Shares of Gen-Probe jumped 14 percent today after Bloomberg
reported that the firm has hired Morgan Stanley to seek a buyer. Among the possible bidders listed in the article are Novartis, Thermo-Fisher Scientific, Danaher, and Life Technologies. Novartis already sells Gen-Probe’s Tigris blood-screening instrument to blood banks, and it has helped fund development
of Gen-Probe’s new automated molecular testing platform, called Panther. The firms have collaborated since 1998 on nucleic acid tests and instruments for the blood screening market.
According to Mizuho analyst Peter Lawson, around $12 billion has been spent on diagnostics-focused merger and acquisition activity over the past year. He noted that typical molecular and proprietary-focused acquisition valuations fall into the 3x-6x price/sales range.
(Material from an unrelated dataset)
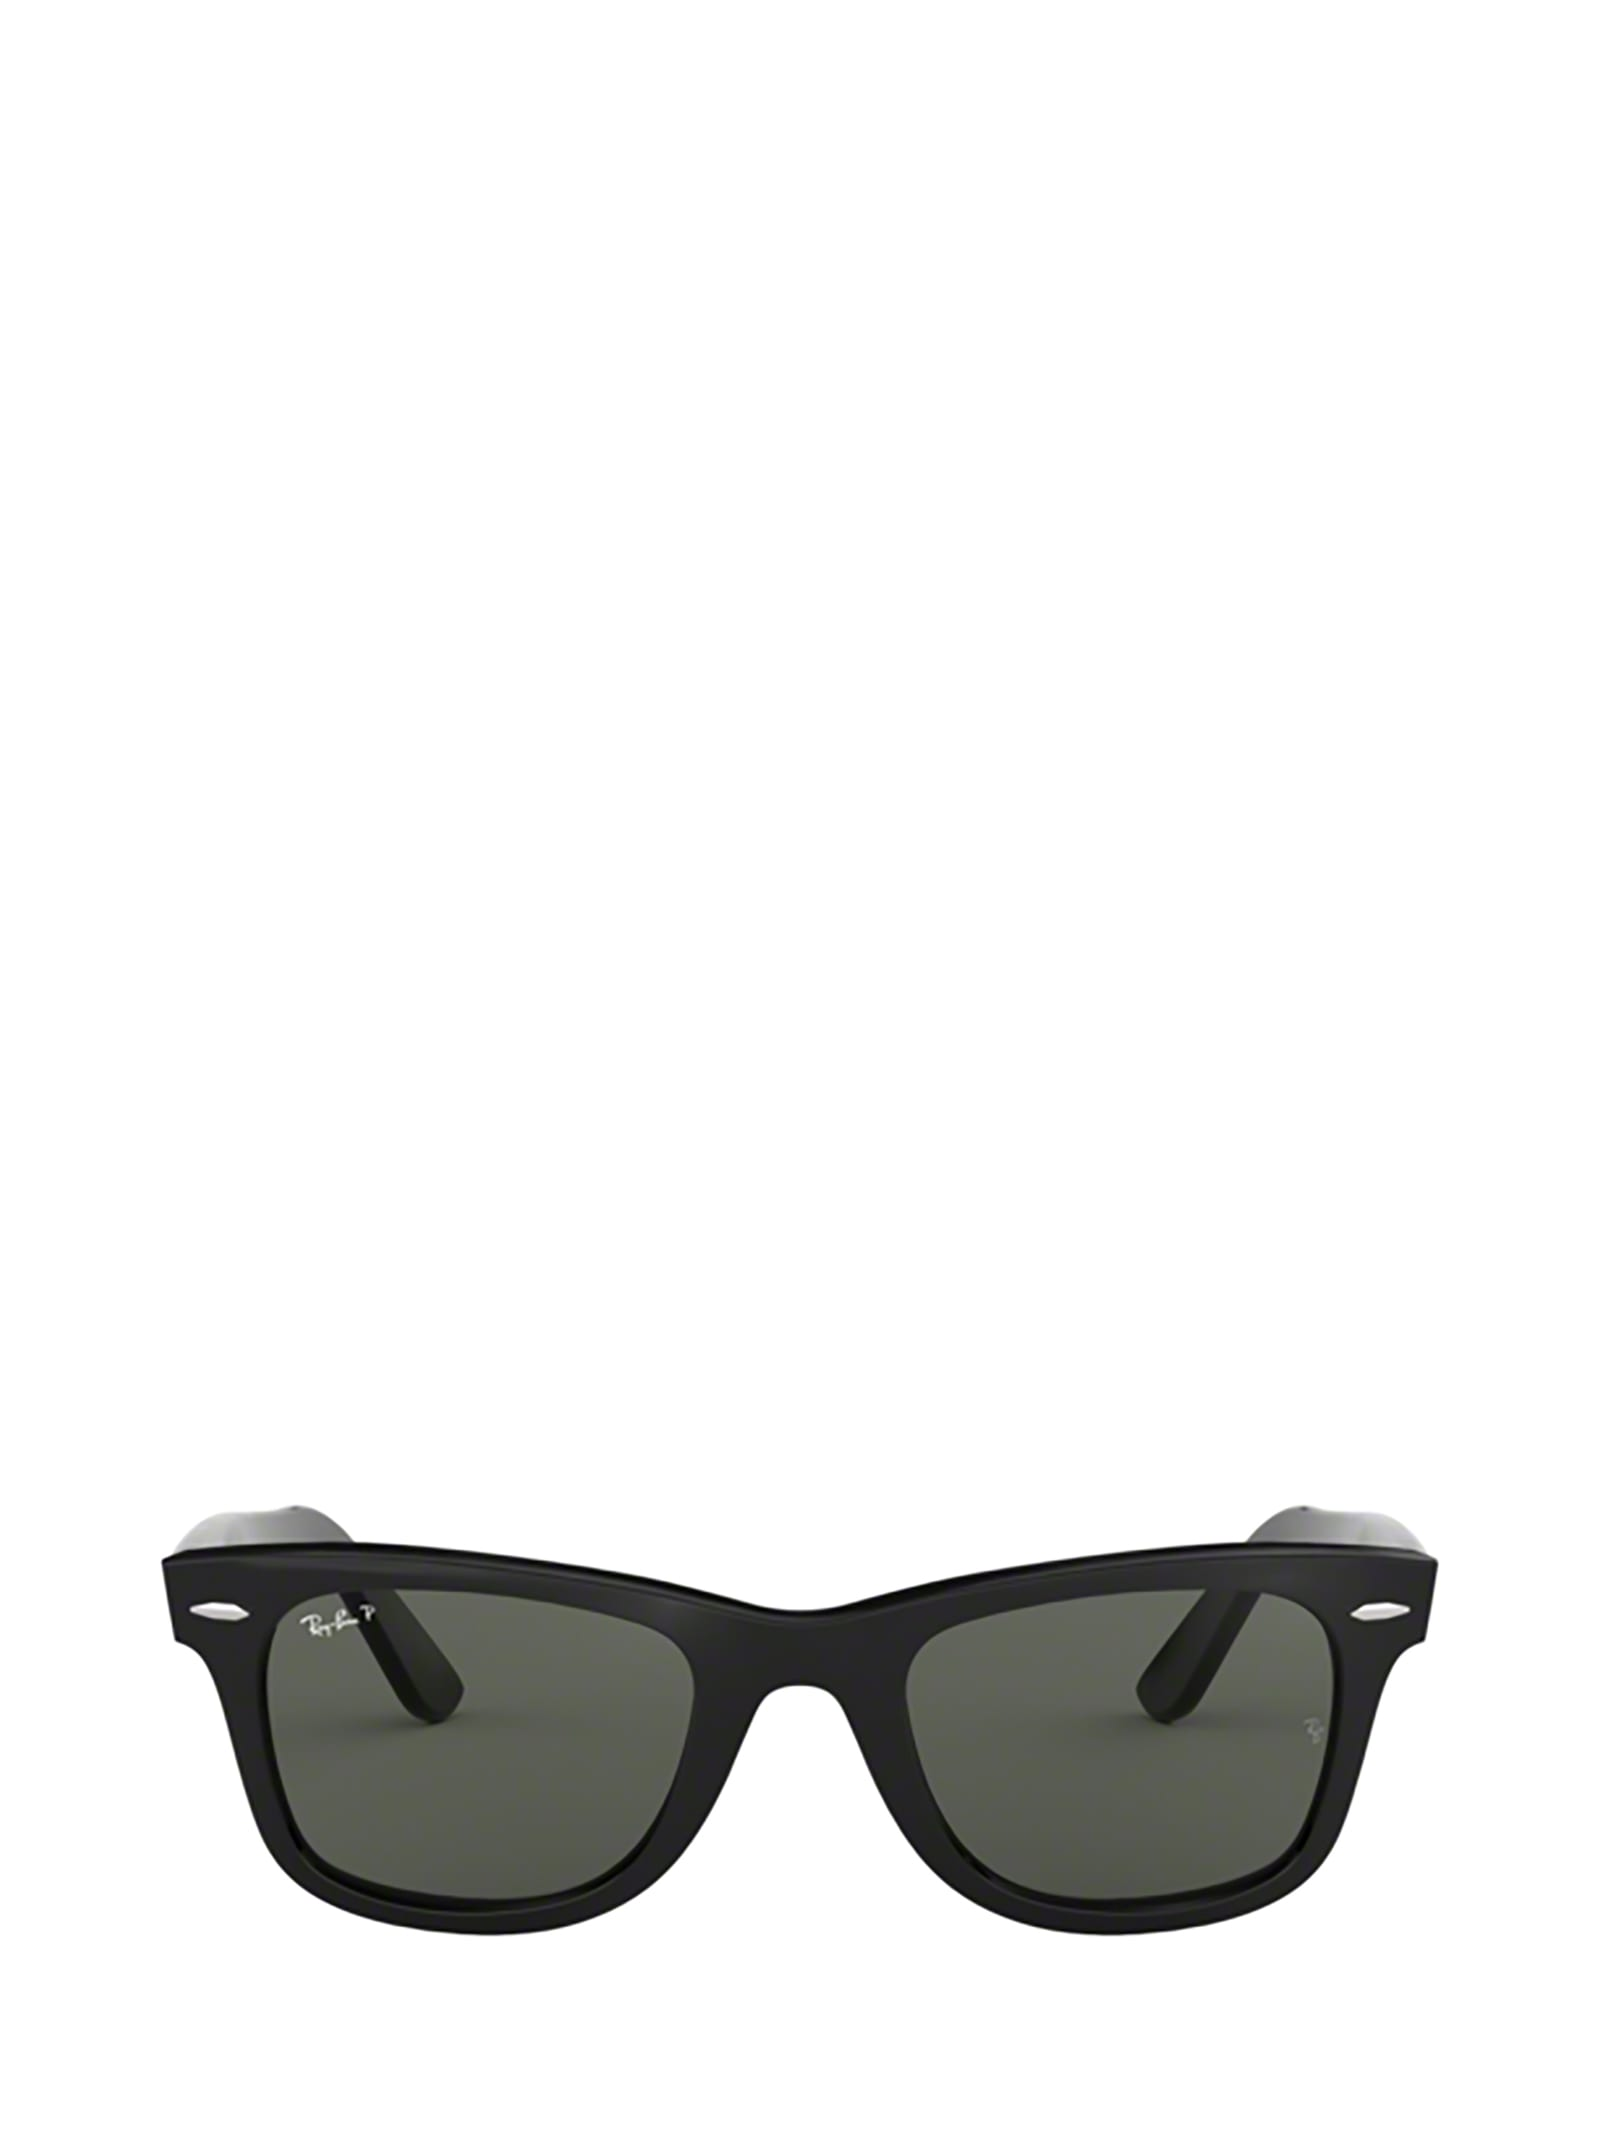 Ray-Ban Ray-ban Rb2140 Black Sunglasses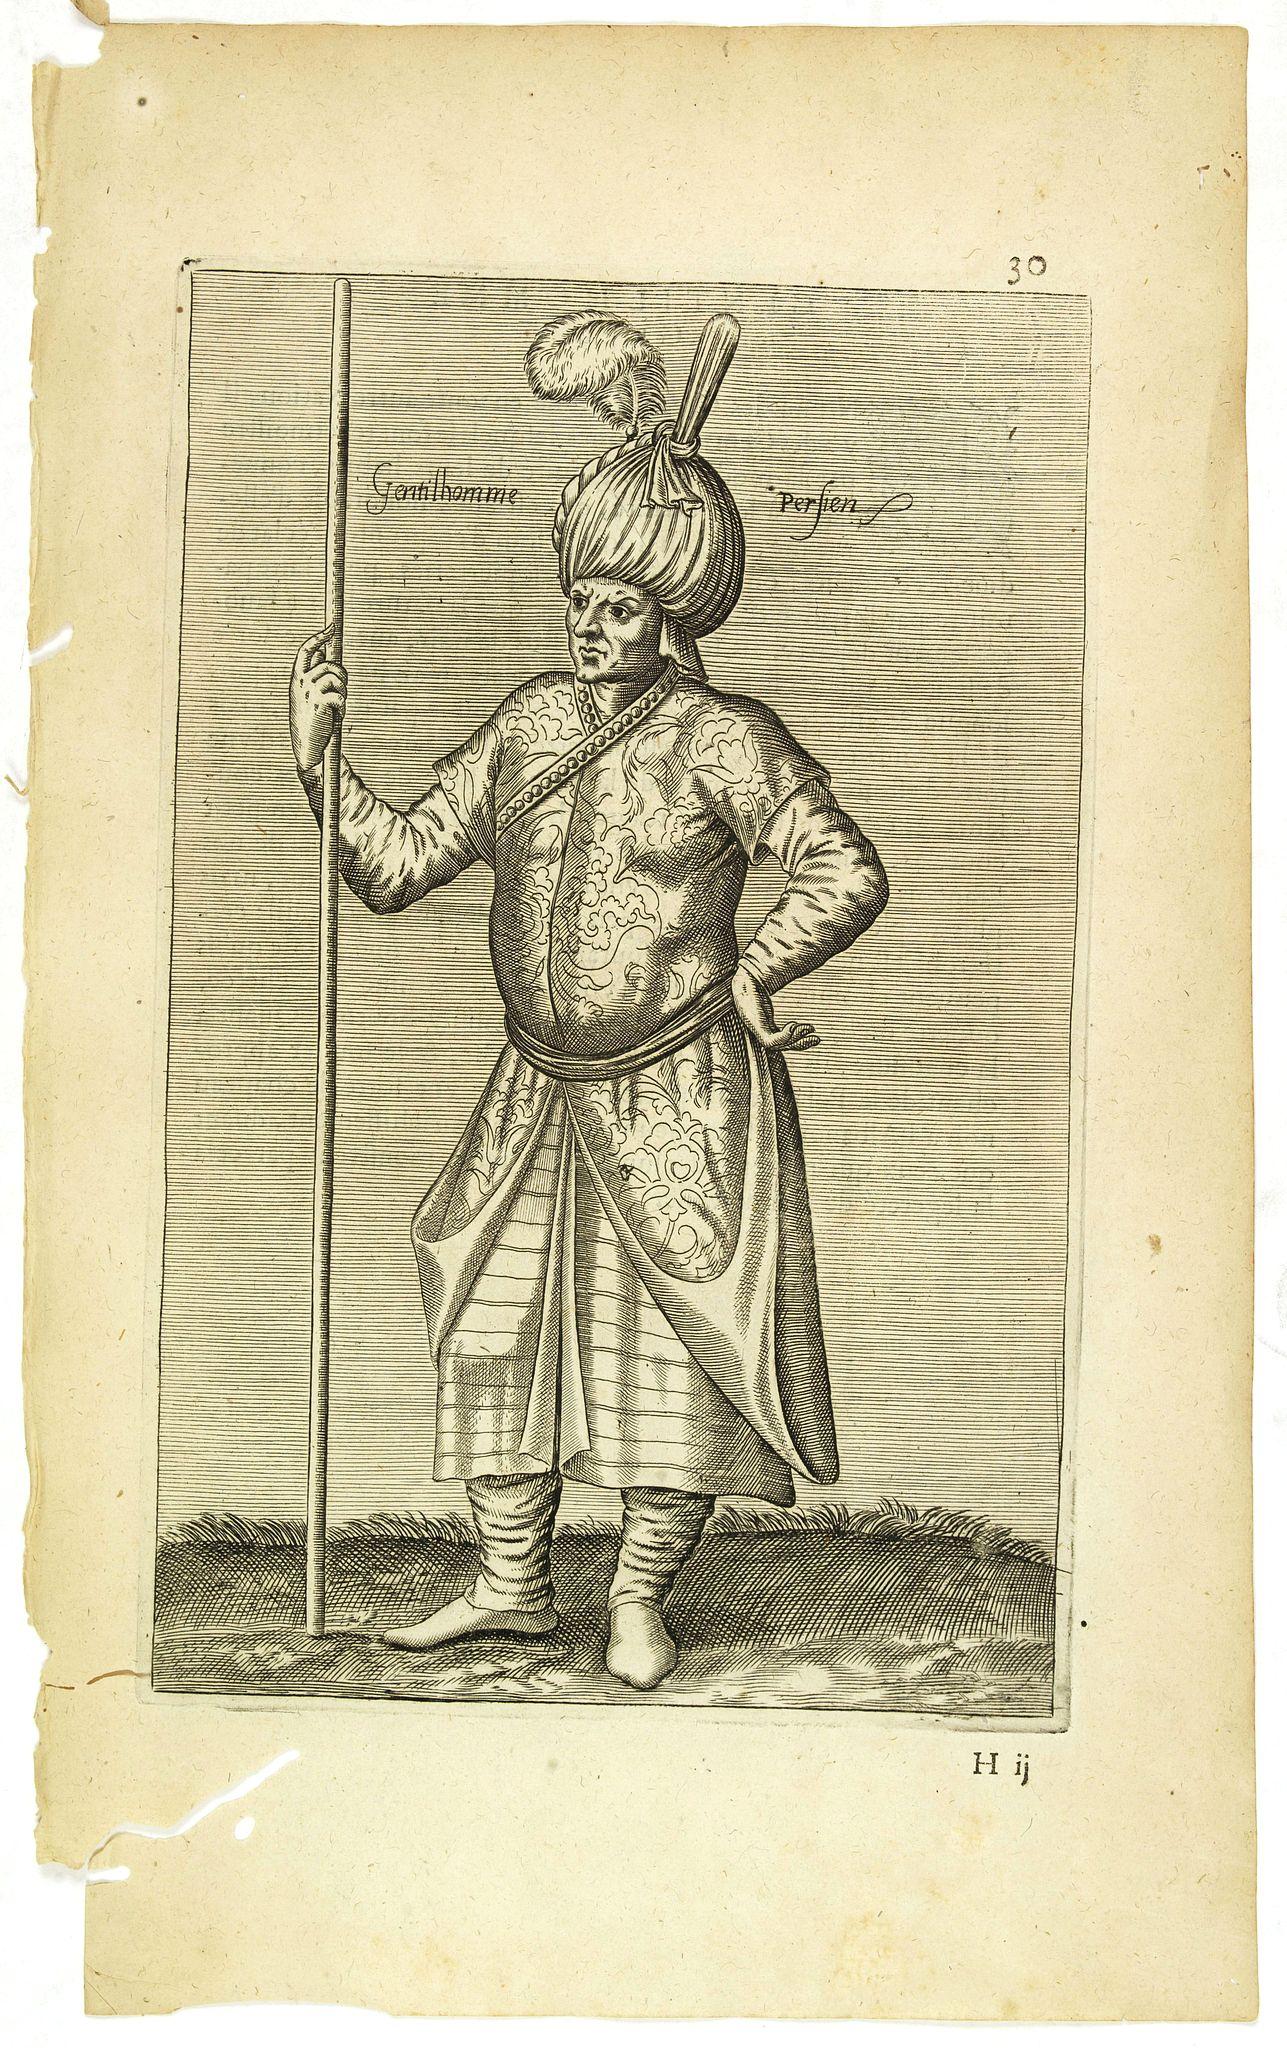 NICOLAS DE NICOLAY, Thomas Artus (sieur d'Embry). -  Gentilhomme Persien. (30)

At that time, it also reported a 2 percent decrease in fourth-quarter revenues, driven by an 11 percent decline in its blood screening business. Gen-Probe attributed the decrease to lower sales of the Tigris system to Novartis, while blood screening assay sales were flat compared to the prior year.
The firm is scheduled to report its first-quarter financial results after the close of the market today.
In late Thursday trade on the Nasdaq, Gen-Probe’s shares were up 14 percent at $79.99.
Its market capitalization is nearly $4 billion.